Michael J. Boni, who formed a law firm partnership with Zack in 2007, said Zack was so brilliant that other attorneys would say they felt stupid around her.
But she never set out to make anyone feel that way, Boni said.
"She spoke softly," Boni said. "There was no flourish. There was no sense of self in her work, no superlative. She didn't boast, no conceit. She was just a brilliant attorney for its own sake."
Zack would come up with simple and elegant solutions to thorny problems, leaving "everyone thinking, 'I must be so dumb that I haven't thought of that,'" Boni said.
Joseph C. Kohn of Kohn, Swift & Graf, where Zack worked for 18 years, said that "so many trial lawyers, class action lawyers, have egos that precede them by a few miles. Joanne would be the smartest attorney sitting around the room but not have to prove it.
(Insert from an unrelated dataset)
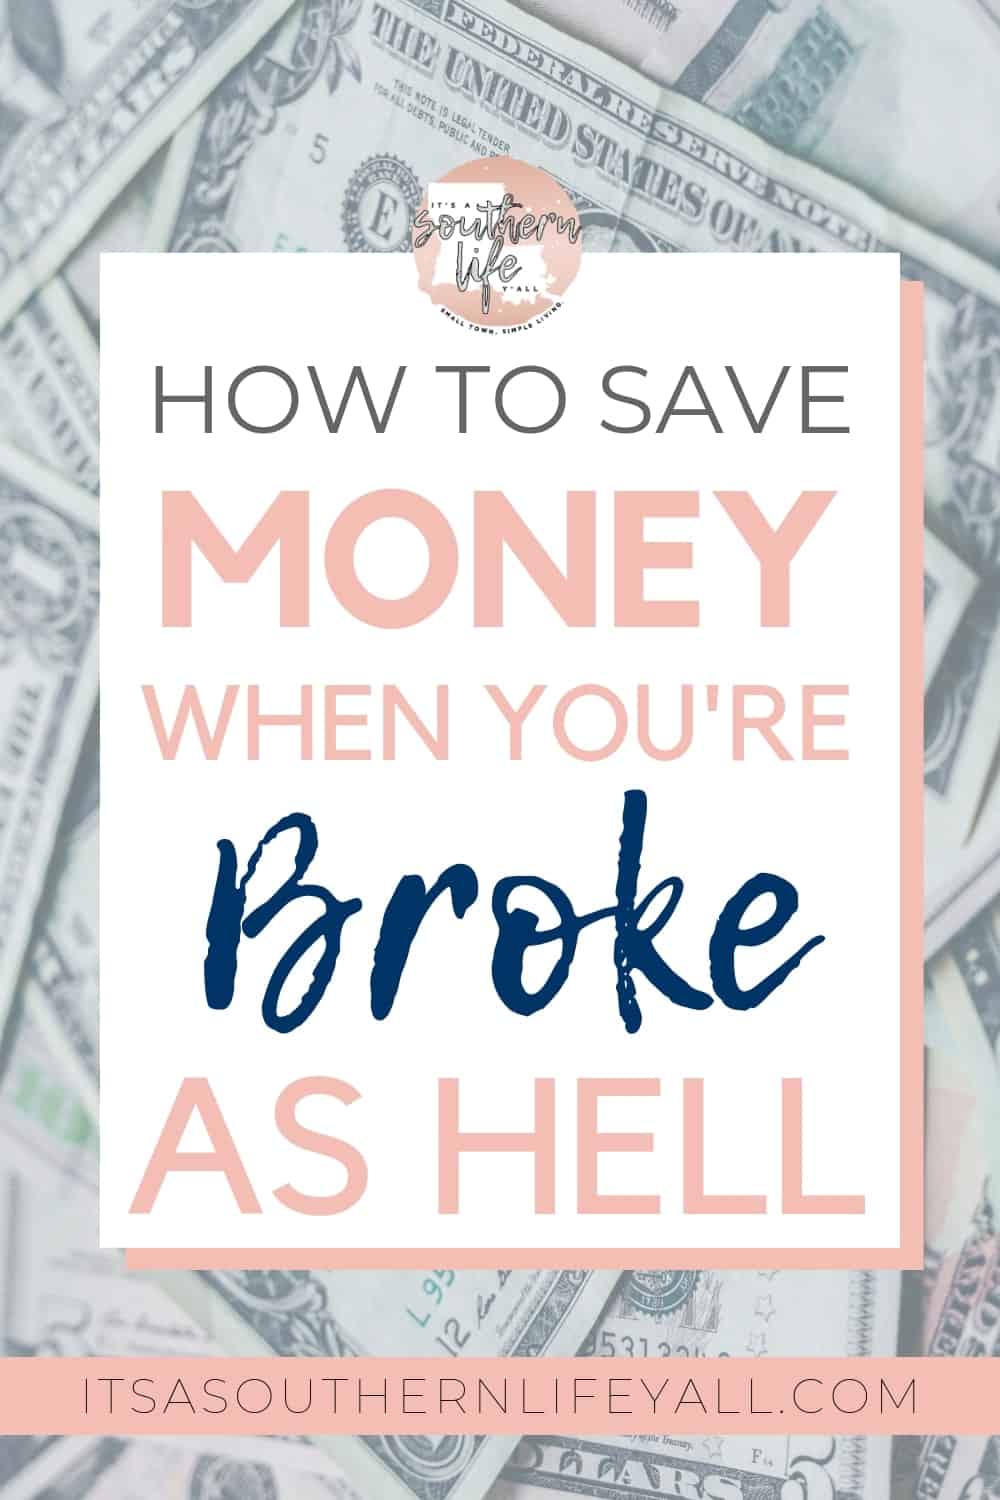 Image of scattered money with How to save money when you're broke as hell text overlay

She could say one sentence at one point and solve the whole problem."
Jeffrey J. Corrigan, a partner with Spector Roseman Kodroff & Willis, said that when his firm was the lead counsel in a price-fixing case involving nine manufacturers of the oriented strand board home-building material, he picked Zack out of all the lawyers from 30 firms involved in the case to depose an expert.
The expert witness was highly respected by the plaintiffs' expert witness and the plaintiffs counsel thought the defense was the best of all of the defense experts, Corrigan said.
Zack's deposition got enough dust on the expert to bring that particular defendant to the settlement table, Corrigan said.